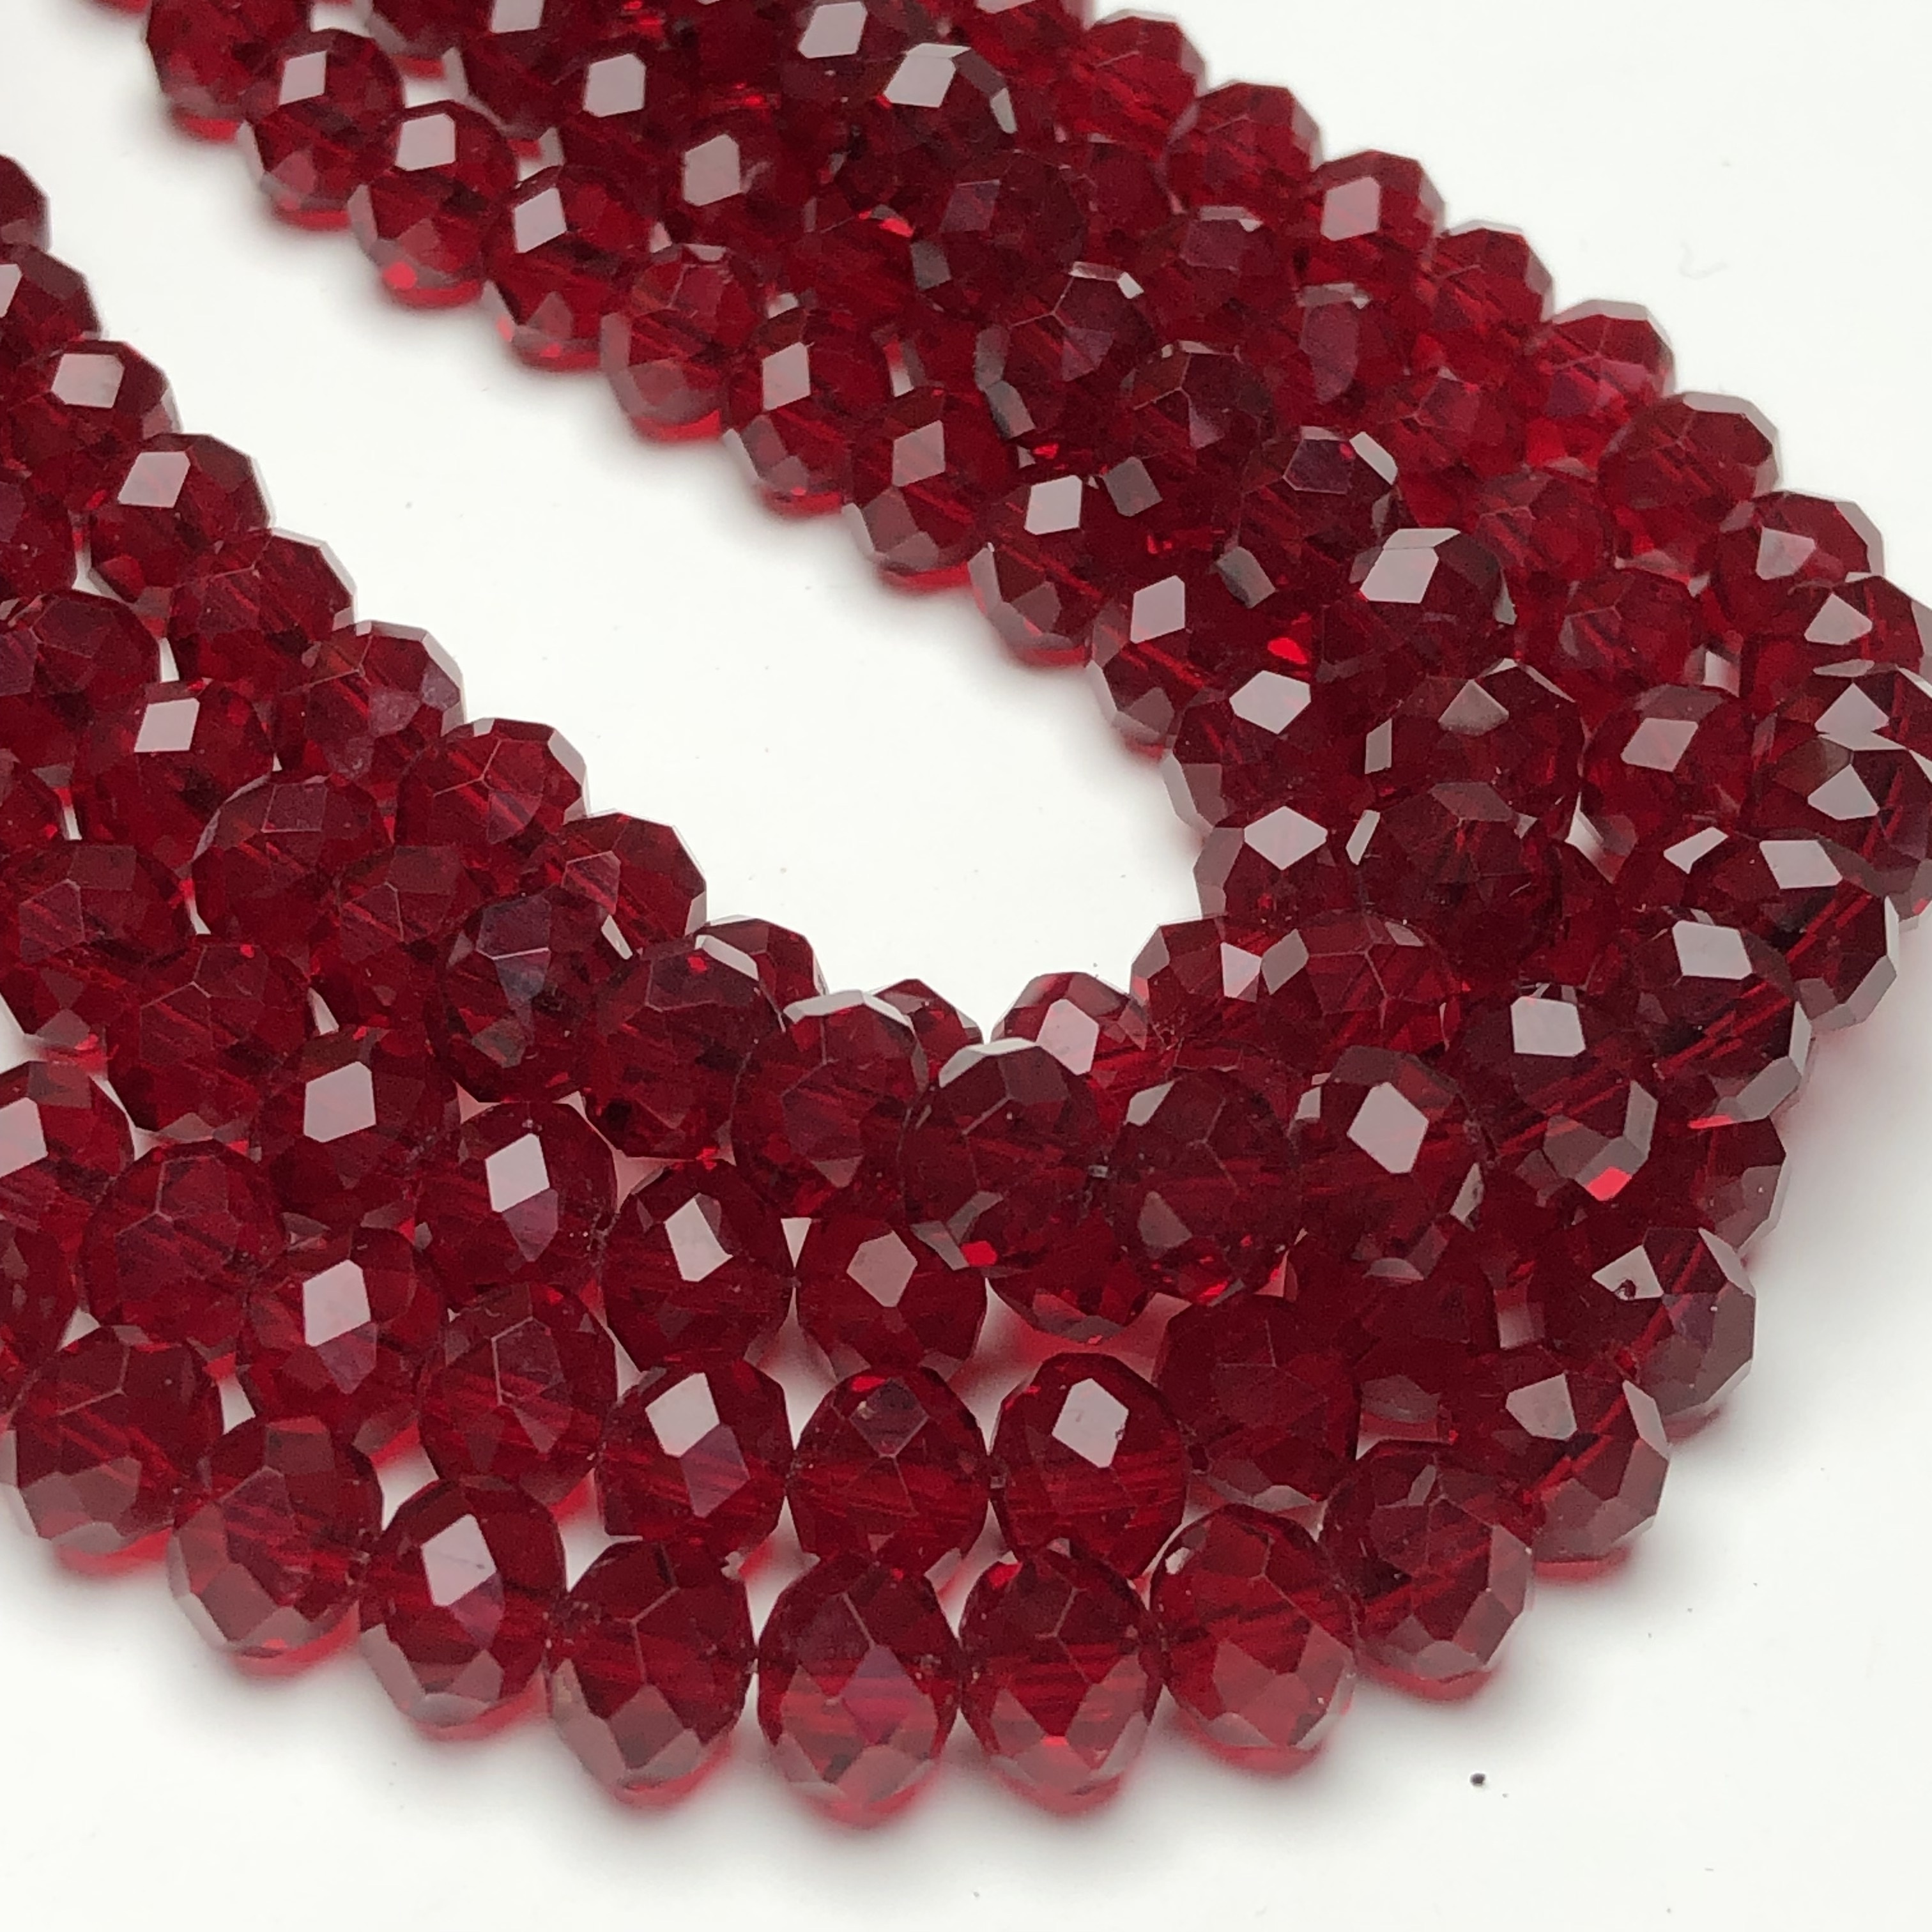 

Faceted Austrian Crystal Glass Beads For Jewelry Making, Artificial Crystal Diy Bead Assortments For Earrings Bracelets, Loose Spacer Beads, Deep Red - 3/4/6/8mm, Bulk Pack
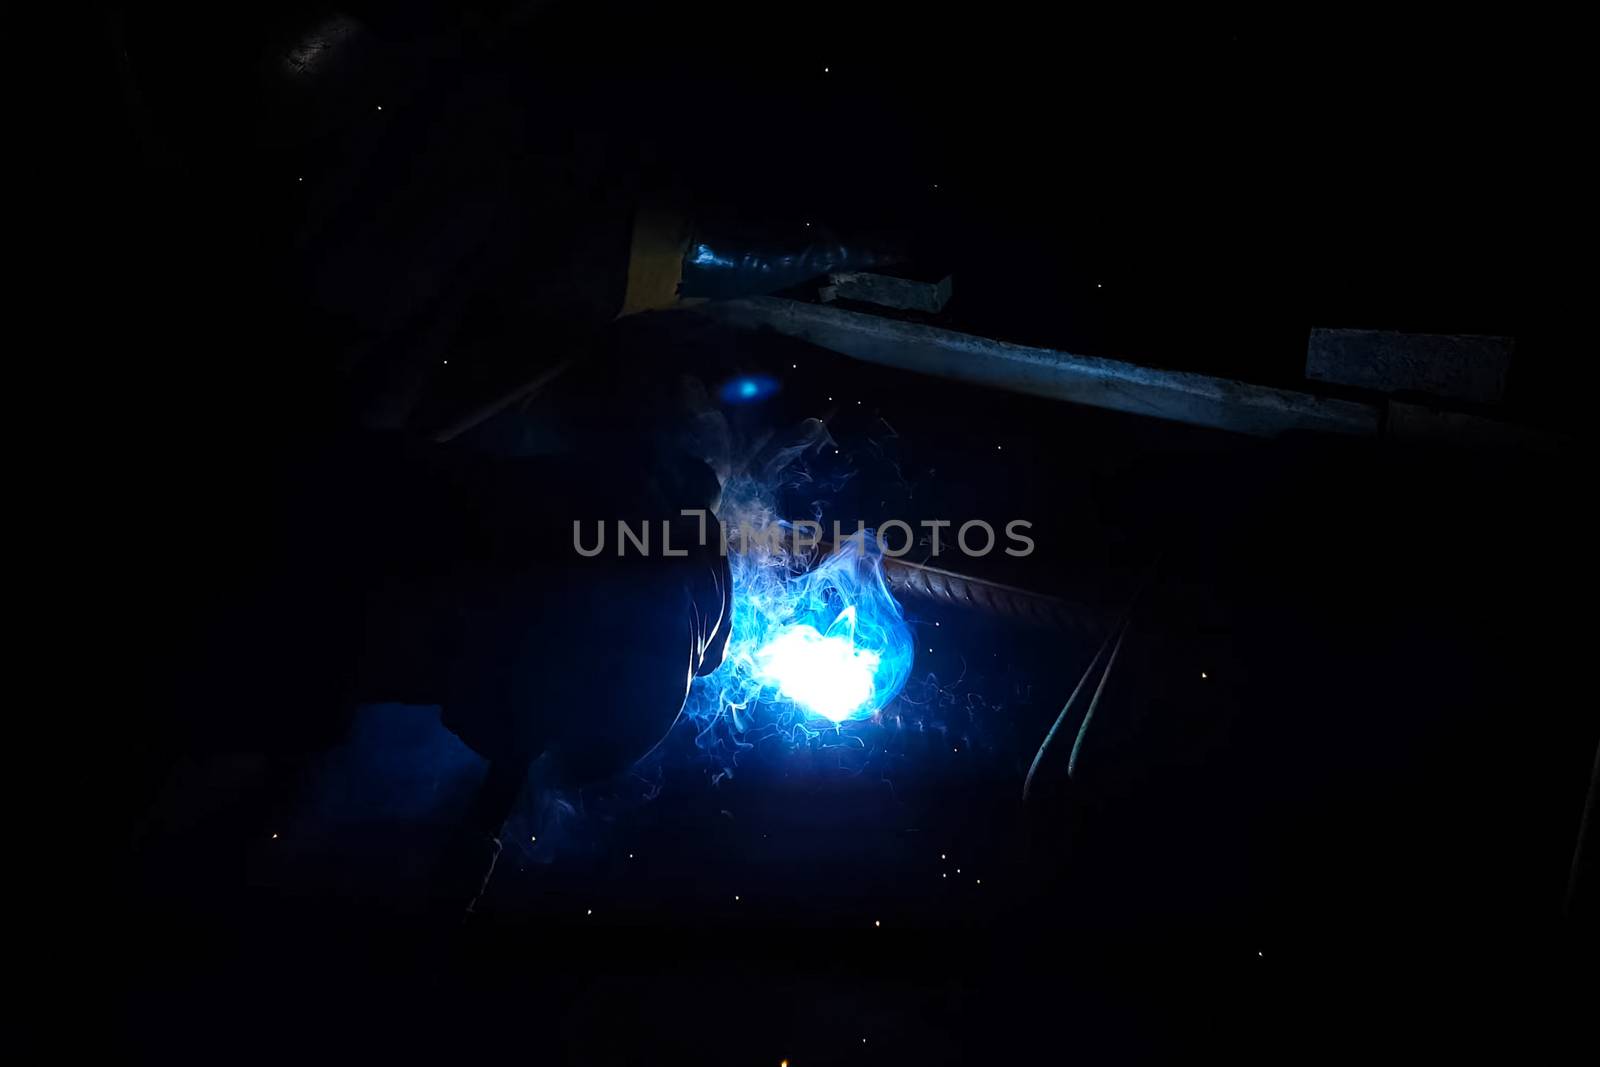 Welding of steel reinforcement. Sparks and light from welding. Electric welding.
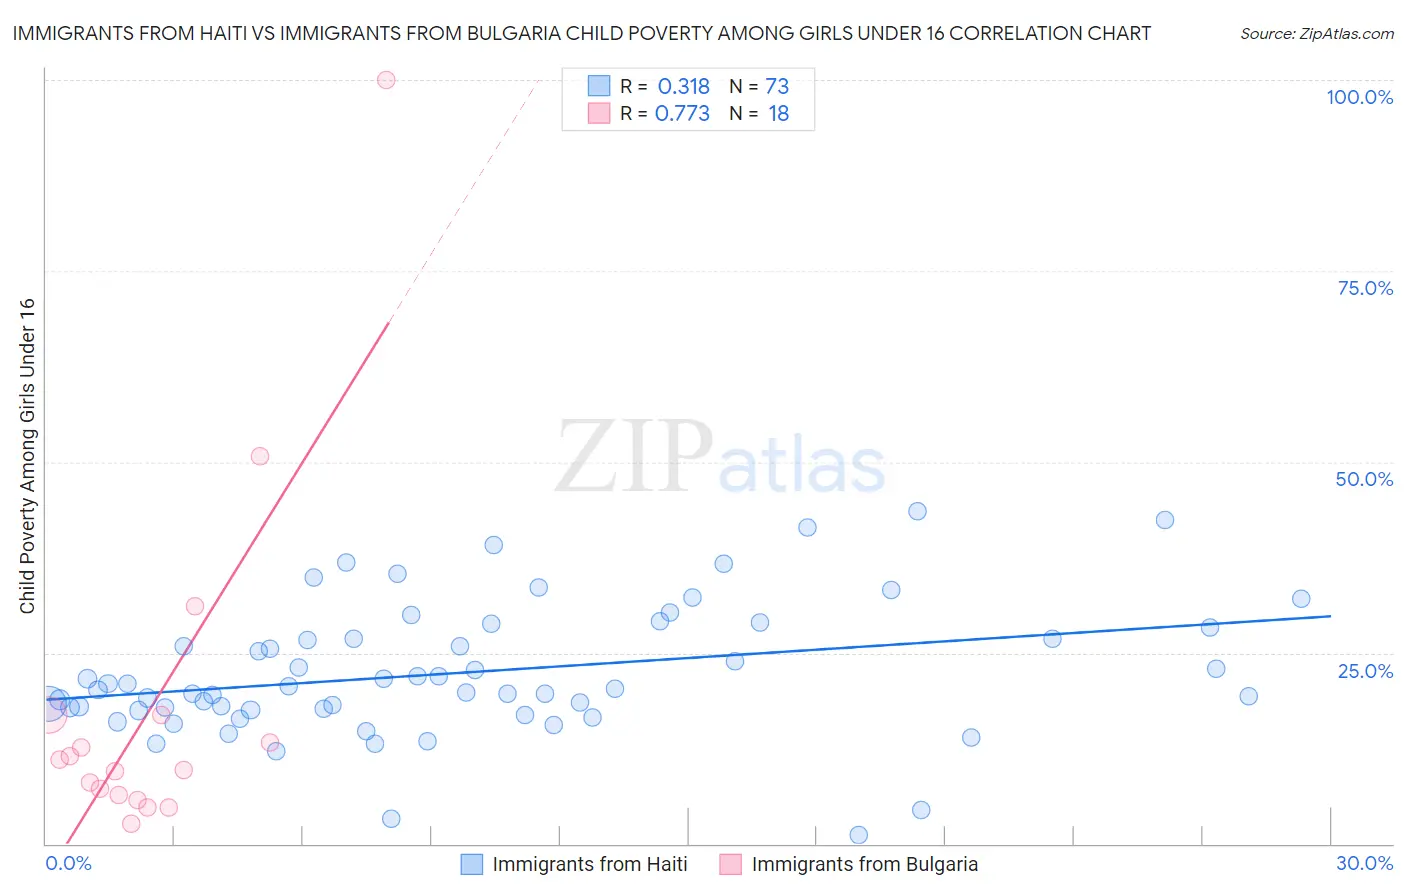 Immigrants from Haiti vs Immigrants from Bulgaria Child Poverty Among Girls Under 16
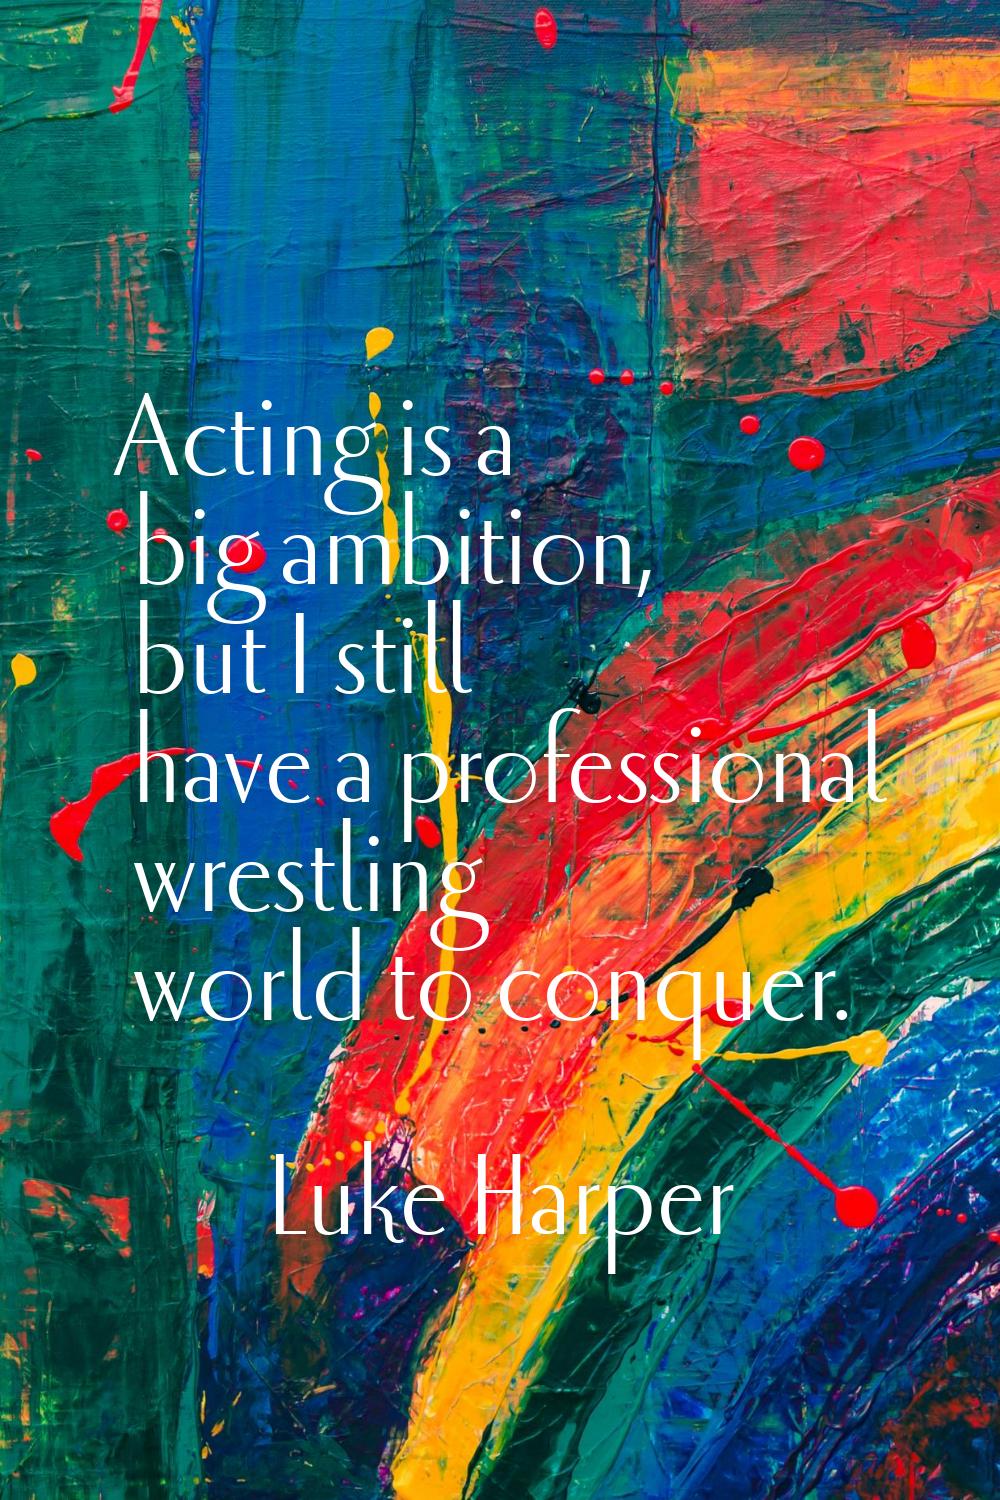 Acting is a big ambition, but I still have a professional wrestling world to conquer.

- _What is needed_: This task calls for the listing to be restated exactly, with images omitted.

- _Exercise answer_:
Faceted Austrian Crystal Glass Beads For Jewelry Making, Artificial Crystal Diy Bead Assortments For Earrings Bracelets, Loose Spacer Beads, Deep Red - 3/4/6/8mm, Bulk Pack
 Welding of steel reinforcement. Sparks and light from welding. Electric welding.
 Immigrants from Haiti vs Immigrants from Bulgaria Child Poverty Among Girls Under 16
 Acting is a big ambition, but I still have a professional wrestling world to conquer.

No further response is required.